Hello and welcome to my marker tutorial!

This tutorial is a step by step giude for those who want to see how a picture is done from the sketch to the finish using markers on an alcoholic basis. I hope this tutorial is understandable and of some help to you. ;)

Enjoy!
______________________

First off I am listing the different materials I used to create the image.

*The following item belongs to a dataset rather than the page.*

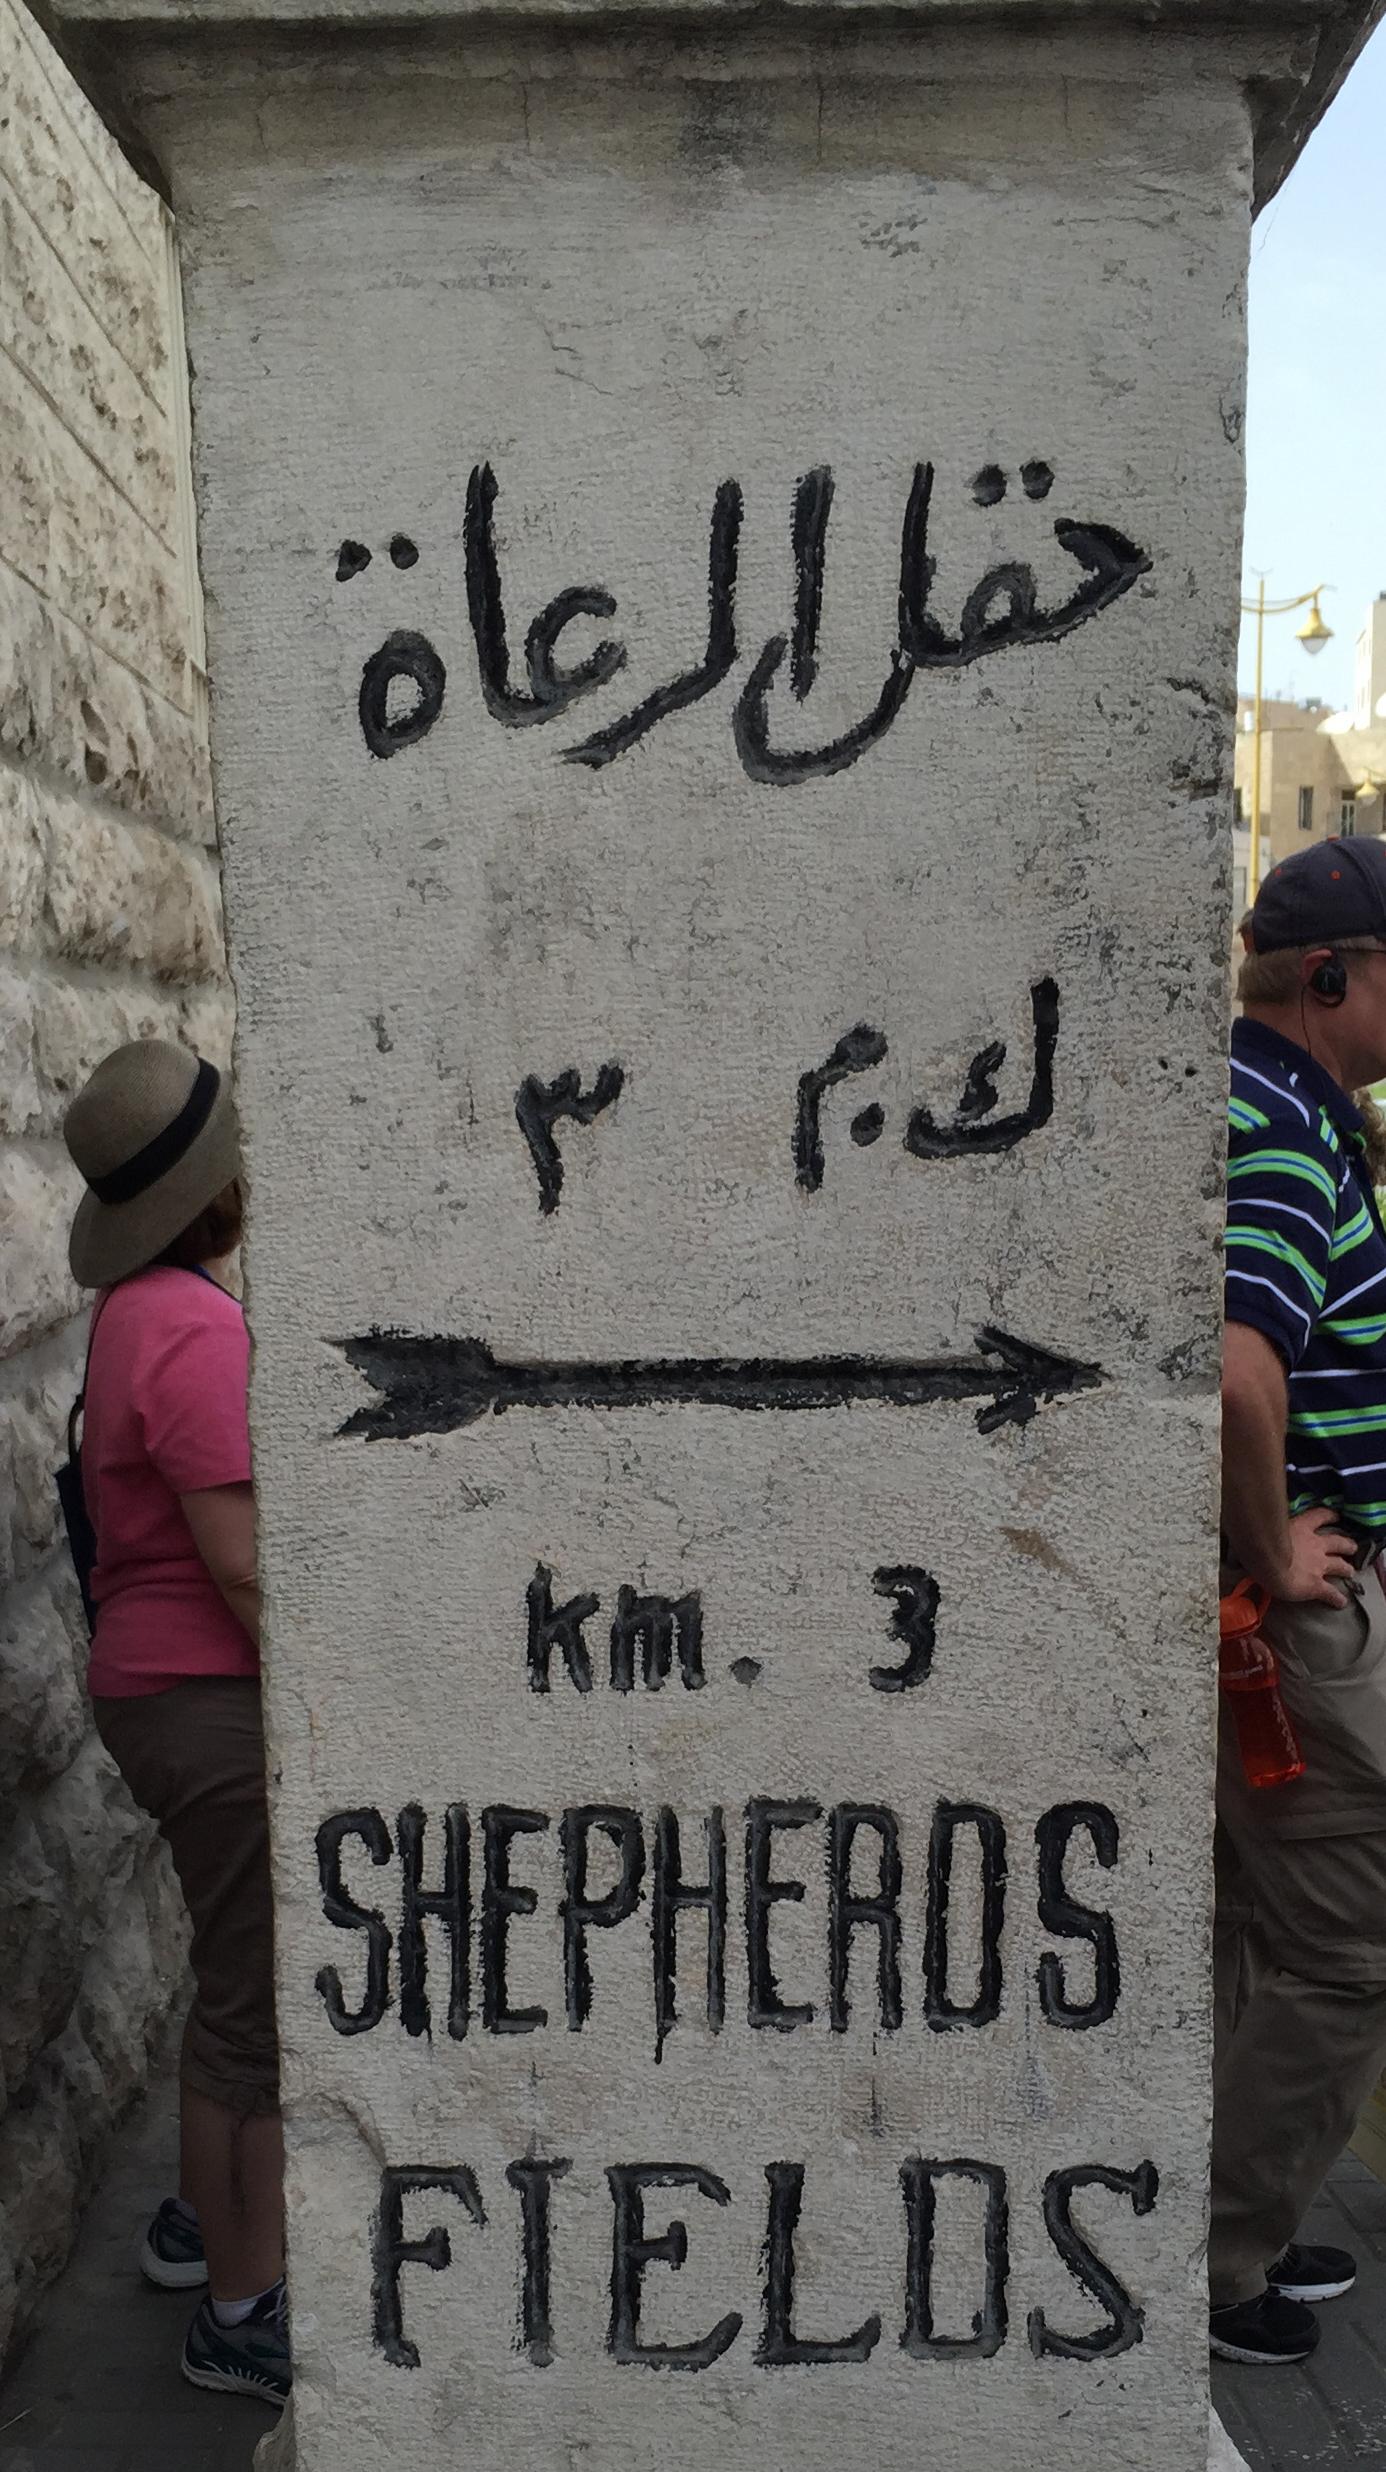 064_shepherds_fields_sign_cropped

1 - mechanical pencil, size 0.5, lead: HB
2 - a normal plastic eraser (soft) and a pencil eraser for precise erasing
3 - Copic multiliner sepia, size 0.05
4 - Copic multiliner black, size 0.05
5 - Copic ciao (they have two nibs: broad and brush; not refillable)
6 - Copic classic (they have two nibs: broad and thin)
7 - Copic sketch (they have two nibs: broad and brush)
8 - Tria marker (which have three nibs: broad, thin and very thin)
9 - Copic "Blender" classic; number "0"
10 - opaque white (I used water colour opaque white for this image)
11 - a round brush, size 00
12 - a round bristle brush
13 - a round screen
14 - marker paper, Size A4

While I go through the tutorial, I'll give you the colour codes of the markers; to Copic ciao markers I'll add "c" and to the Copic sketch markers a "s". The colours of Tria markers look like "370-T", so you won't mix them up with the Copics. ;)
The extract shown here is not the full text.